Given major international banks’ continued reluctance to engage with Iranian counterparts despite the nuclear deal, getting Iran off of the FATF blacklist is a key step in addressing this threat to the nuclear deal.
An Iranian flag flutters in front of the head office of the Export Development Bank of Iran (EDBI) in Tehran November 9, 2008. REUTERS/Morteza Nikoubazl (IRAN) - RTXAEWW

Among the myriad threats to the Joint Comprehensive Plan of Action, front and center is the inability of just about anyone to convince the world’s largest banks to facilitate transactions between Iran and foreign companies. The banks’ coyness toward Iran has caused increasingly loud grumbling in Tehran and a creeping sense of unease in Western capitals. Banks have reason to be wary, not least because of the very political issues of continued unilateral US sanctions and the uncertainty surrounding the upcoming US presidential elections.

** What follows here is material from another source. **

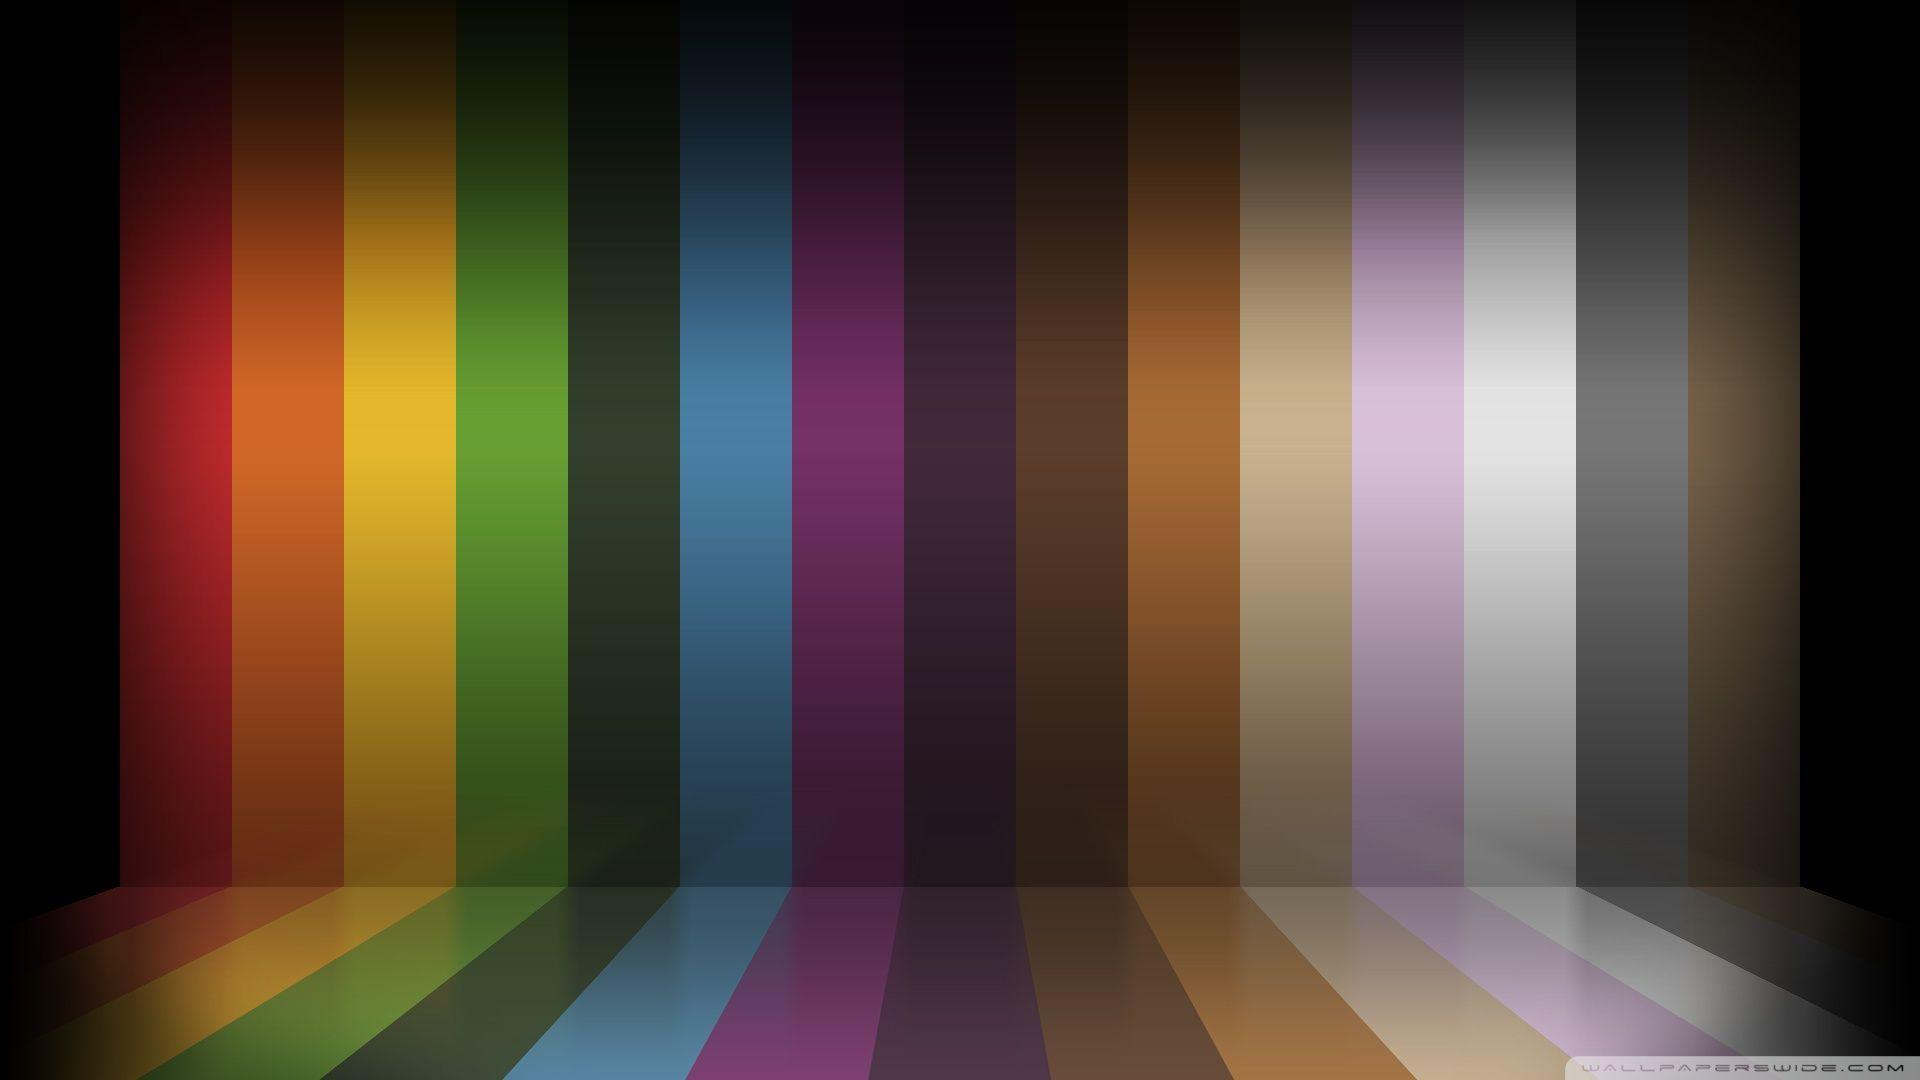 Wallpaper Room - WallpaperSafari

Yet, beyond the unpredictable and increasingly politicized issues surrounding the agreement, an opportunity for positive change lies in getting Iran removed from the very short list of countries deemed high risk and noncooperative by the international Financial Action Task Force (FATF). Iran was put on the blacklist because it was determined that the country lacked the means or the will — depending on who is asked — to combat money-laundering and terrorist financing. Taking major steps to get Iran off this list would ease some of the banks’ concerns, help facilitate the legal trade envisioned under the nuclear deal and aid in strengthening the global anti-money laundering (AML) regime — a decidedly nonpolitical and uncontroversial goal.